• _Input records_
· · ·

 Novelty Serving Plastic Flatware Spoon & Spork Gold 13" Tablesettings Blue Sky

· · ·

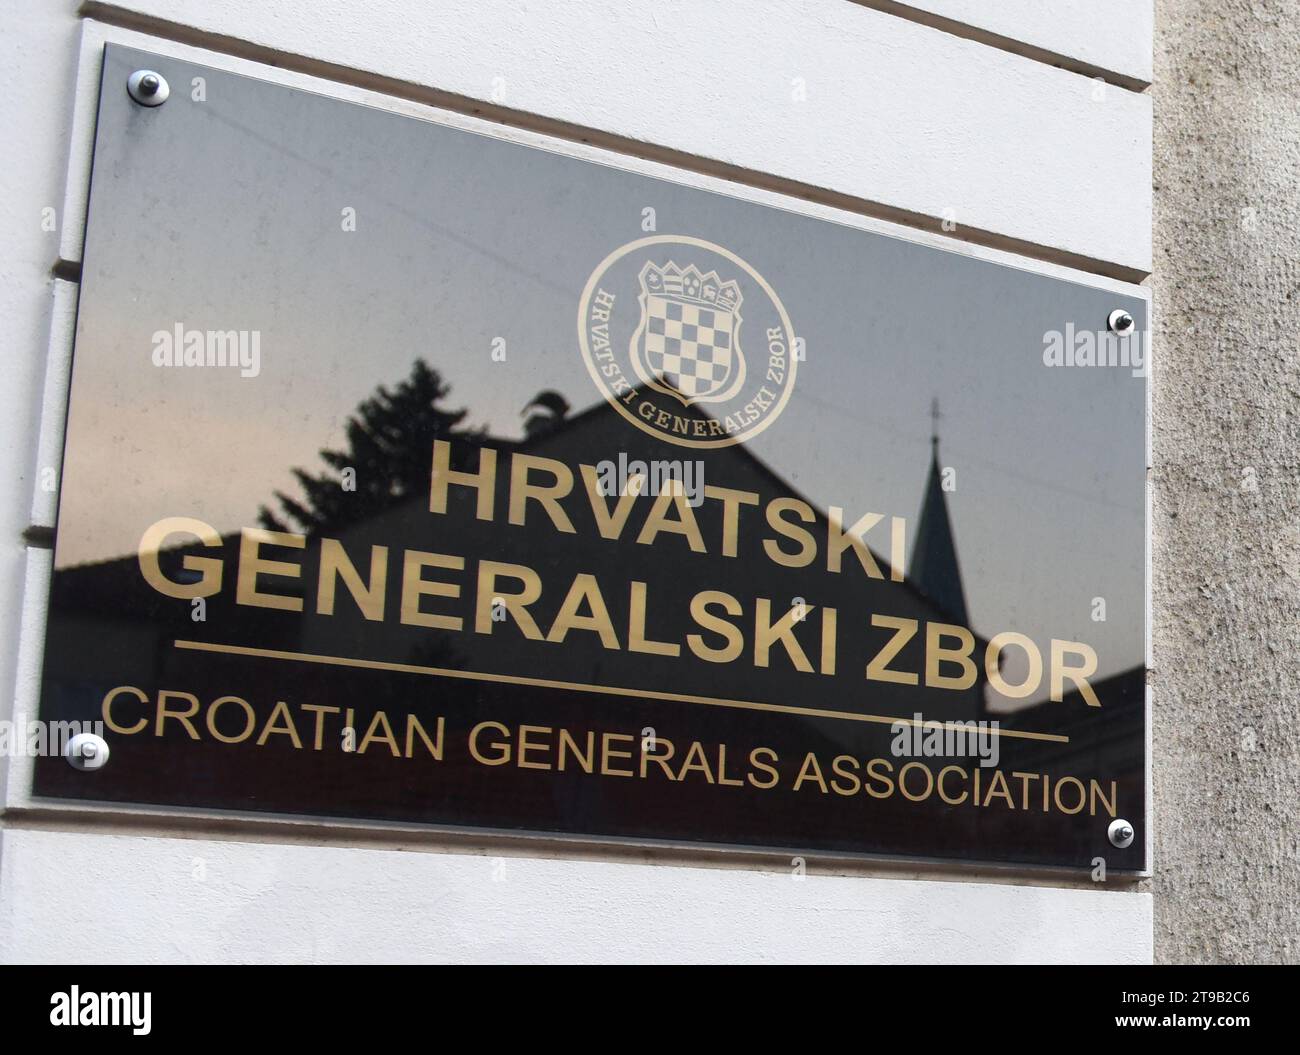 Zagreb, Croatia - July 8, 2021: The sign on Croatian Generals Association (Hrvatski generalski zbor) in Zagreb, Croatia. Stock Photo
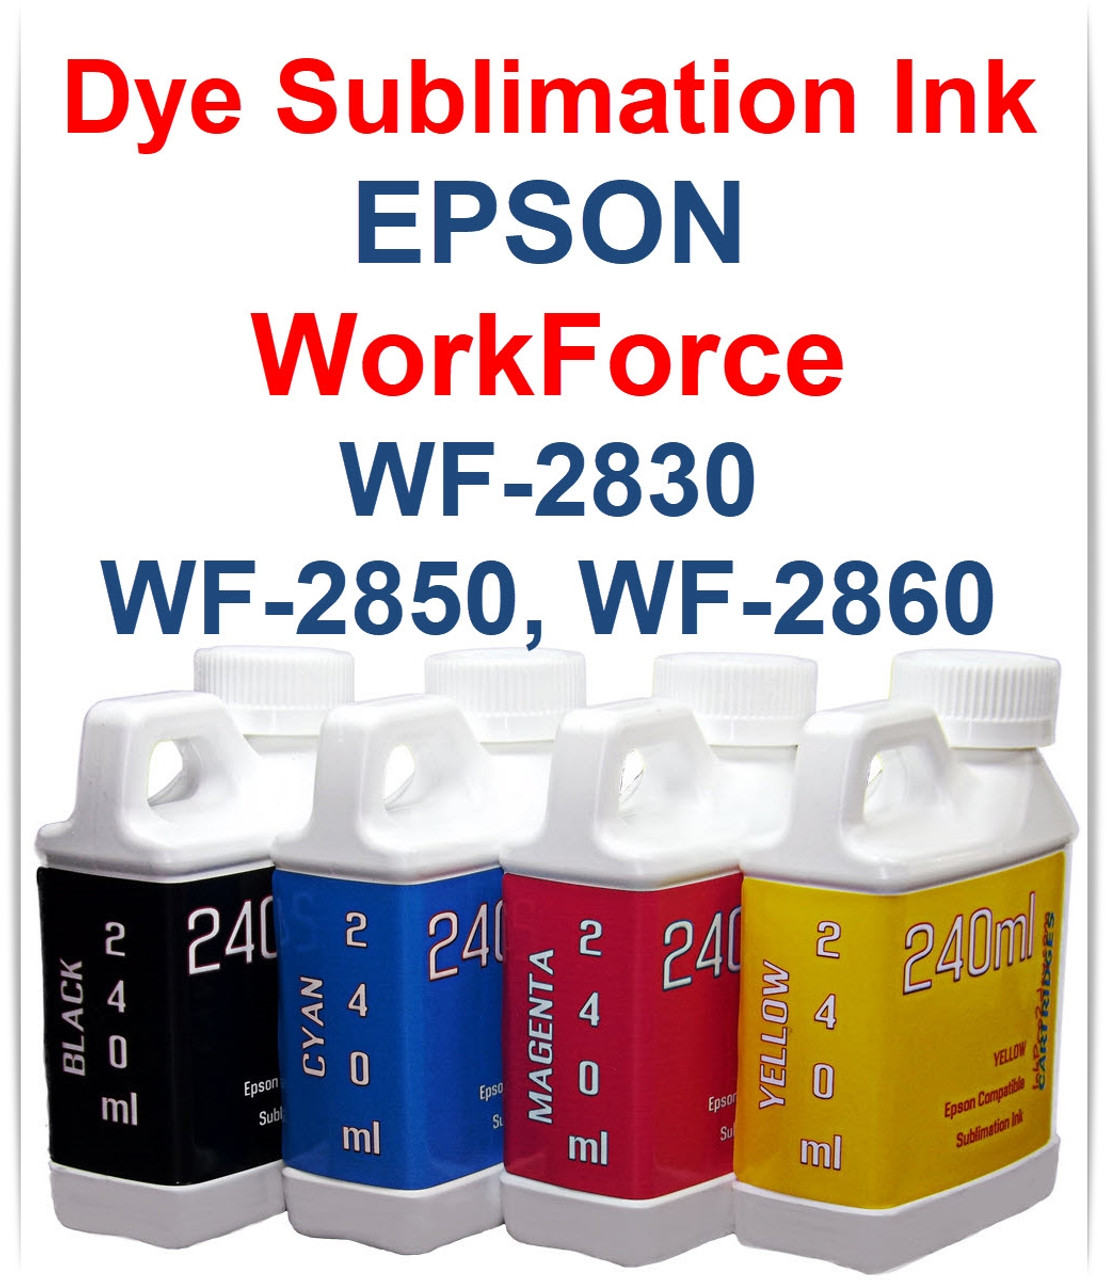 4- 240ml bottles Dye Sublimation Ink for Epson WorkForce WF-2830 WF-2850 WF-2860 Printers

· · ·

• _Task details_
From the records above, quote word for word only the lines beginning at the line that has "Zagreb, Croatia - July" and stopping after the line that has "4- 240ml bottles". Omit the pictures.

• _Exercise response_
 Zagreb, Croatia - July 8, 2021: The sign on Croatian Generals Association (Hrvatski generalski zbor) in Zagreb, Croatia. Stock Photo
 4- 240ml bottles Dye Sublimation Ink for Epson WorkForce WF-2830 WF-2850 WF-2860 Printers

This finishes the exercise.